Details
-
Bug
-
Status: Open (View Workflow)
-
Major
-
Resolution: Unresolved
-
10.6.14
-
None
-
Kubernetes 1.26.9
docker.io/bitnami/mariadb-galera:10.6.14-debian-11-r0
bitnami helm galeracluster v7.0.1
3 node cluster
proxysql directing all write statements to one node
Description
I am running 27 galeraclusters on Kubernetes. Sporadically, I see an issue during rolling updates. Yesterday for instance, I just added two new labels to the galeracluster of my statefulsets and the galera-pods, which is rolled out with a rolling update in Kubernetes.
First, the pod galeracluster-2 is restarted, which was no problem. 40 seconds later it was in sync again.

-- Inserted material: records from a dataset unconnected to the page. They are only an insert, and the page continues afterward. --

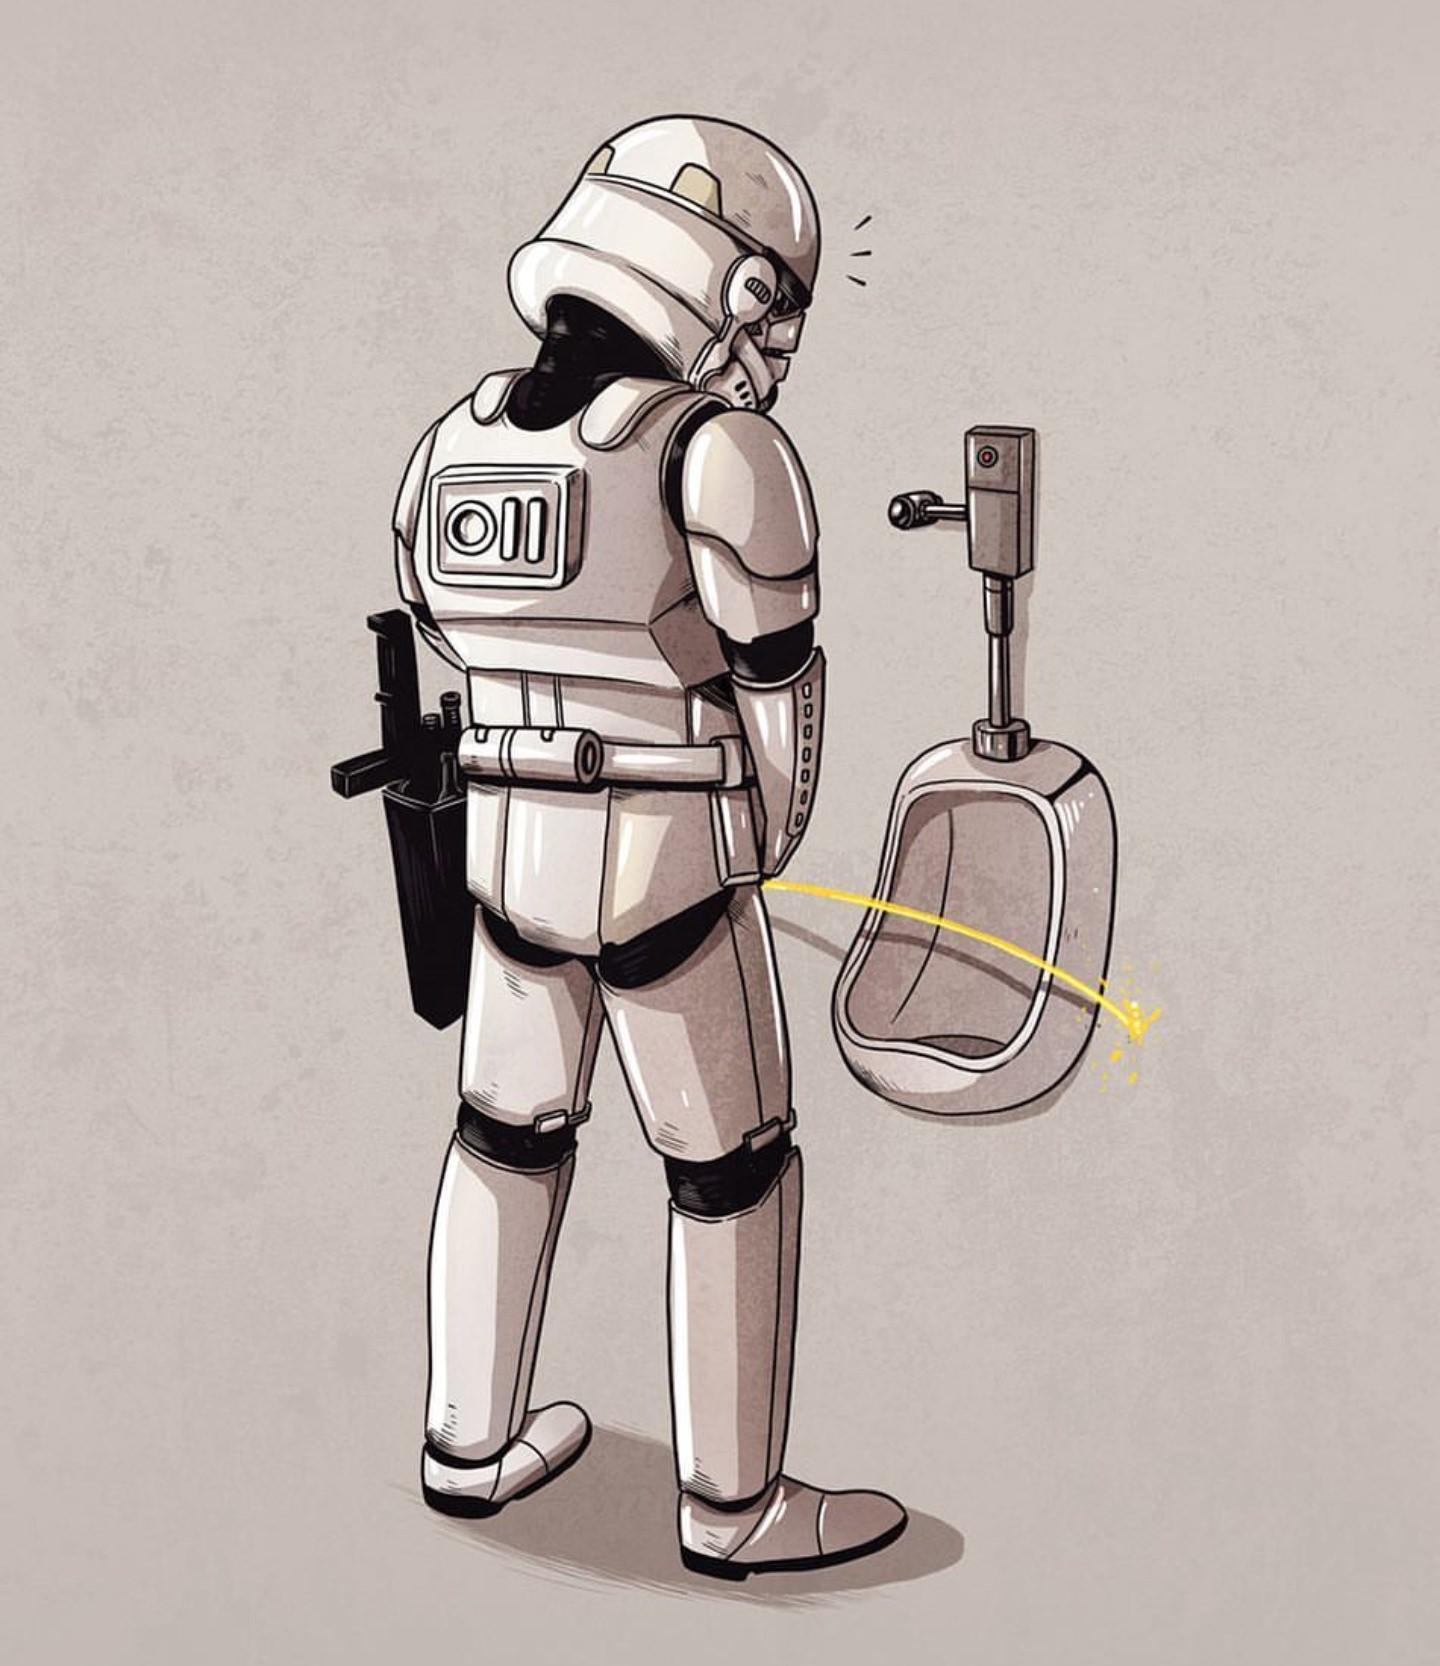 Storm trooper by Alex Solis
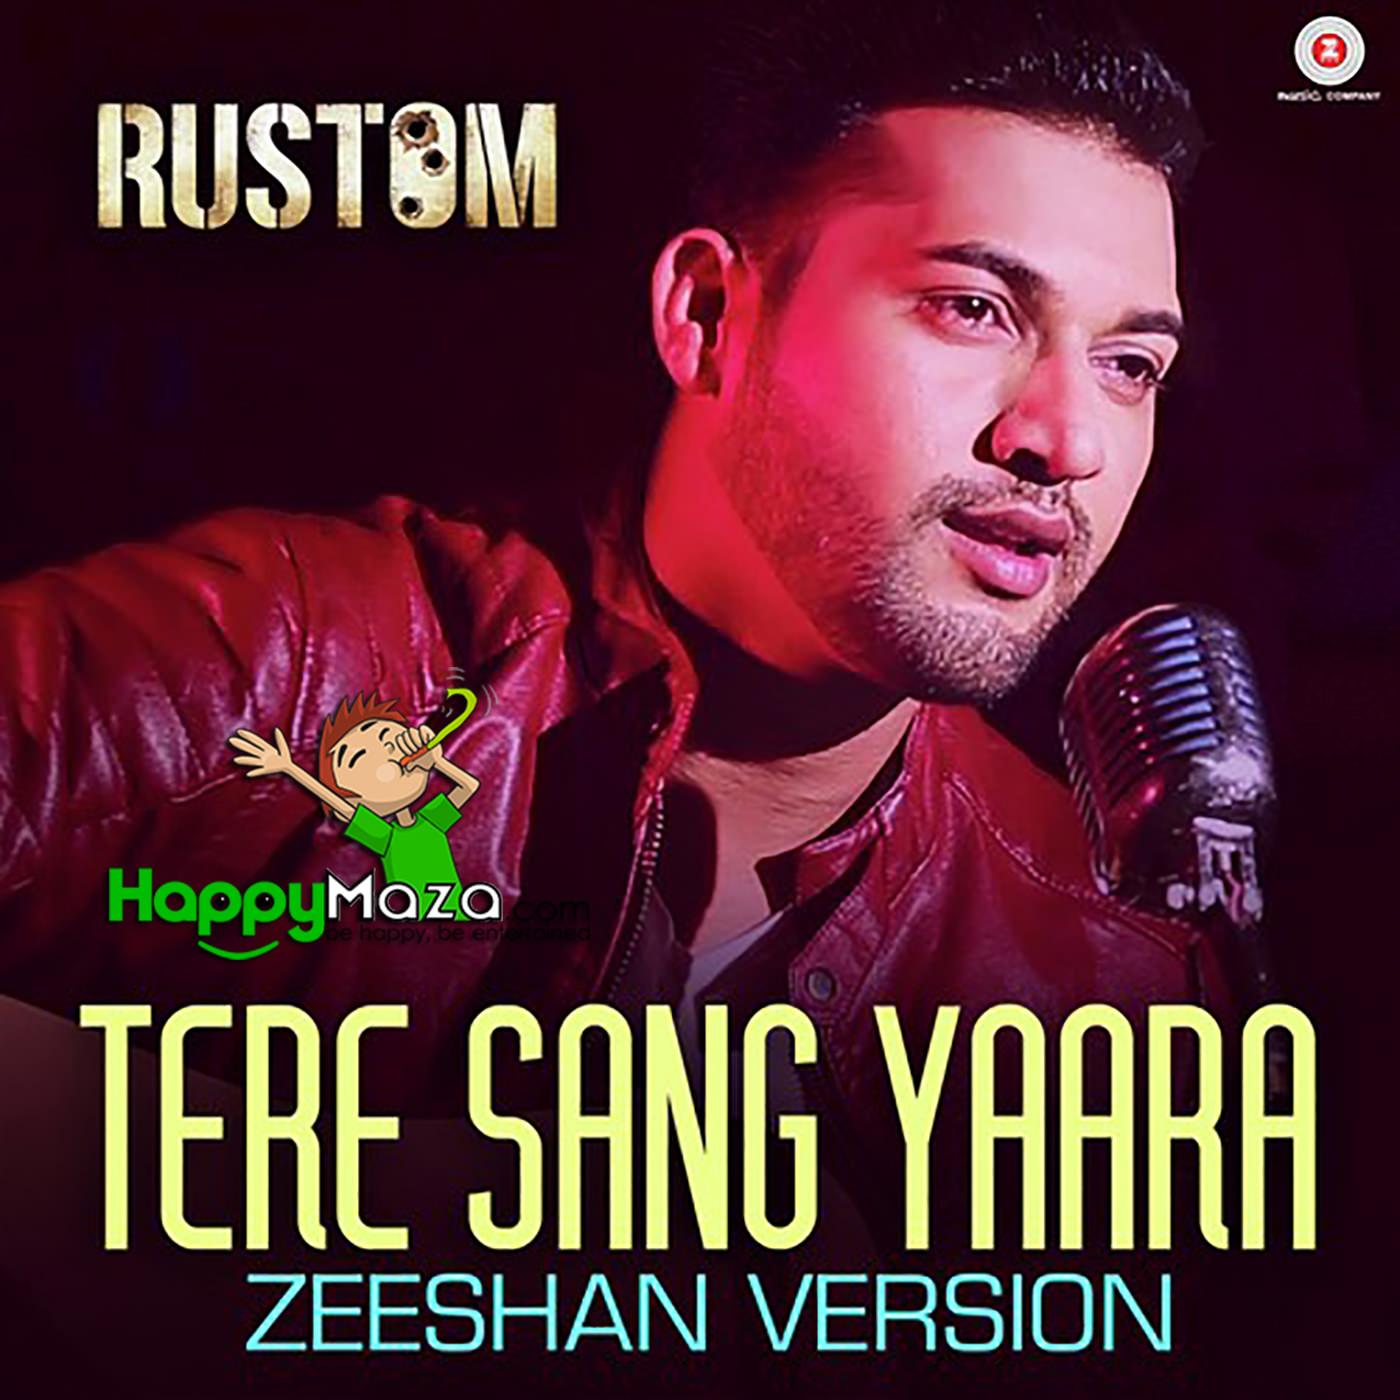 Mera Tu Hi Bas Yaara Mp3 Song Download: Tere Sang Yaara Lyrics - Zeeshan Version - 2017
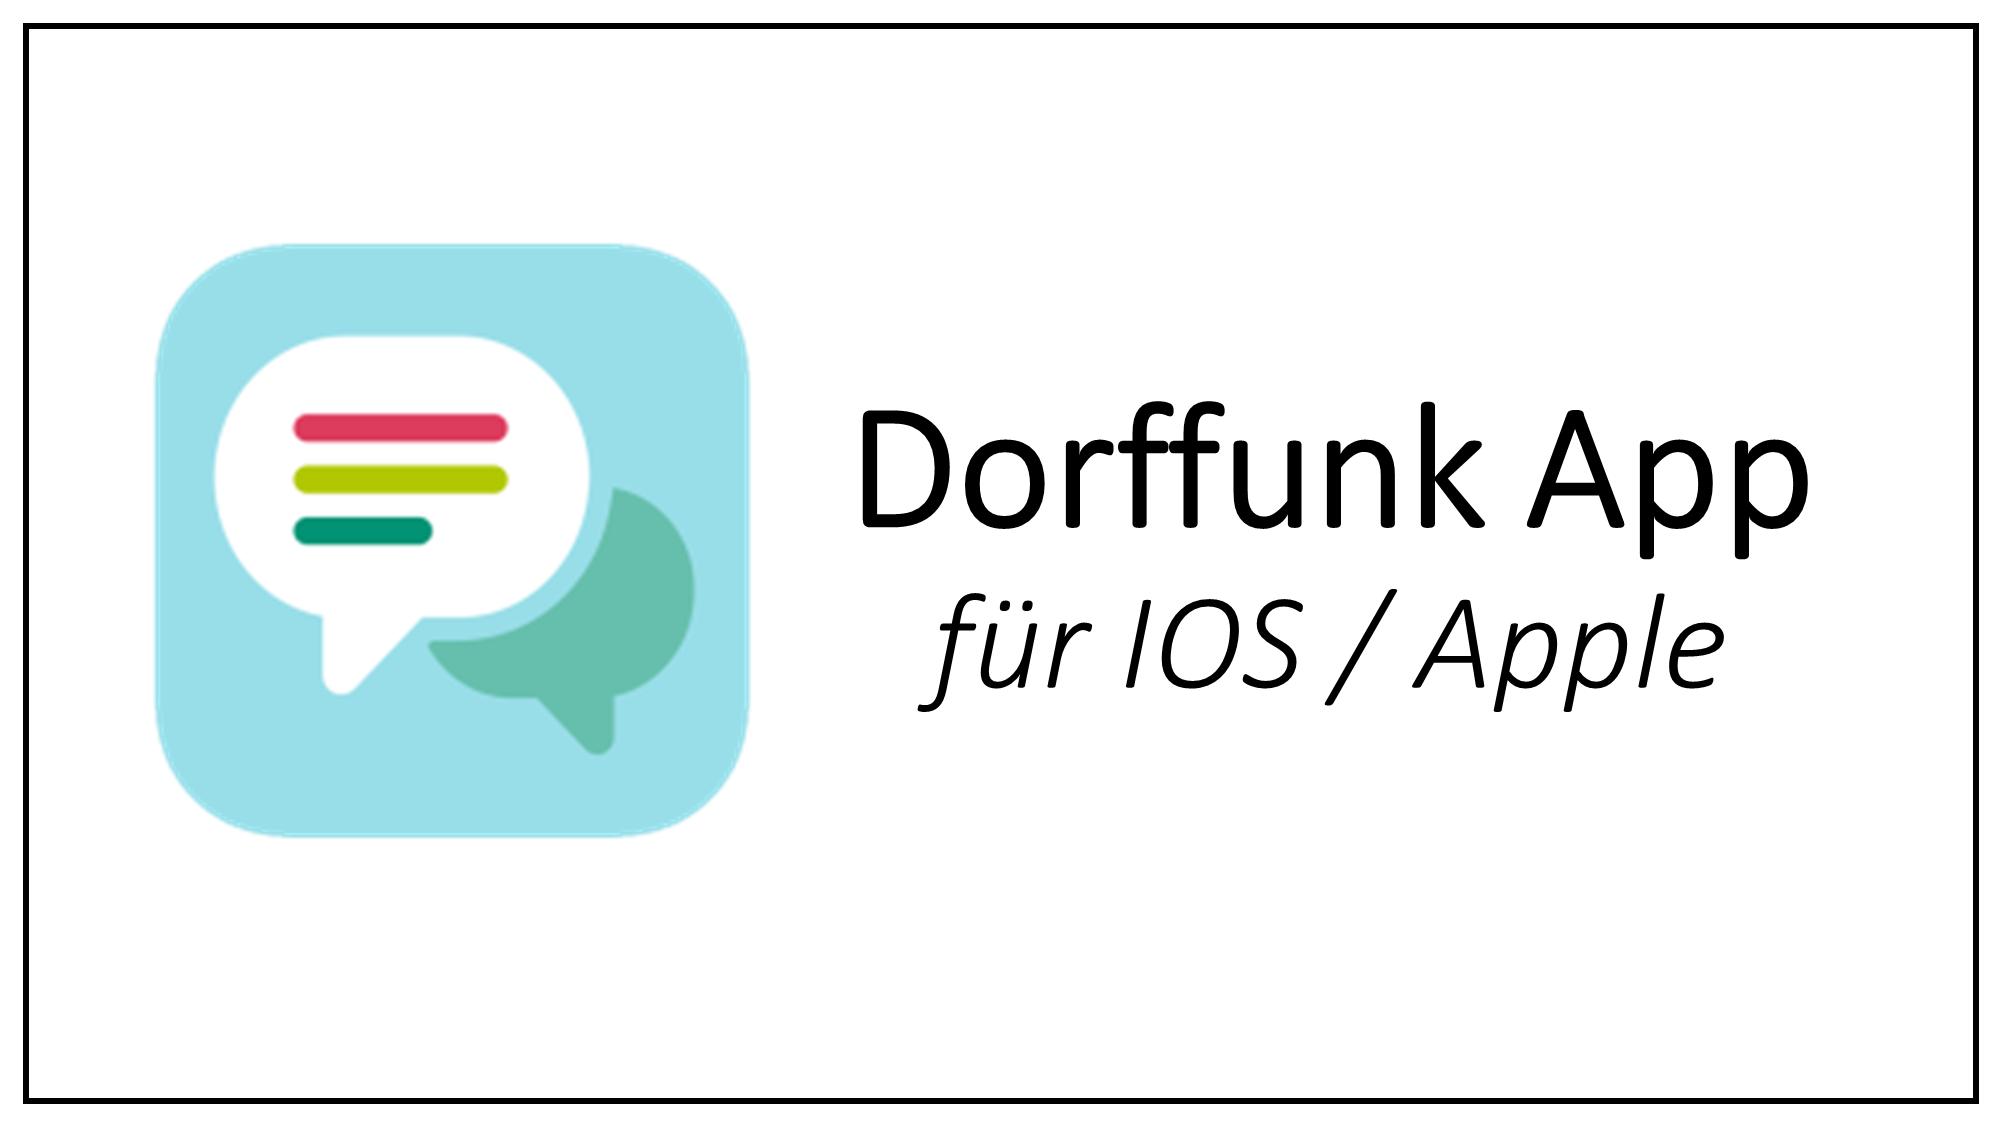 Dorffunk App für IOS Apple

Then the pod galeracluster-1 got restarted. But when the IST usually should happen, mysqld crashed with signal 11. A full SST sync was started, taking 10 minutes.
Finally, galeracluster-0 got restarted within 40 seconds.
The segfault on pod galeracluster-1 causes the pod to restart once more, but then, it will not sync with an IST but uses a SST instead, which takes 10 minutes for this galeracluster. In some of my bigger clusters SSTs take up to an hour, which is quite annoying. So I would like to find out, if I can reduce the odds for a SST to a minimum. Imagine to update 27 galeraclusters and having to wait for an hour every now and then. During my update session yesterday I only had one segmentation fault, but I have had sessions, where 4-5 pods went into the full SST sync.
Unfortunately, I can't force this behavior to reproduce it. It just happens every now and then on different clusters, and in different pods.
The provided logfile has been exported from Kibana, and you'll have to read it from the bottom... however, rows from the same microsecond appear in the "correct" order. This makes analyzing a bit tricky.
Please let me know if you require further information.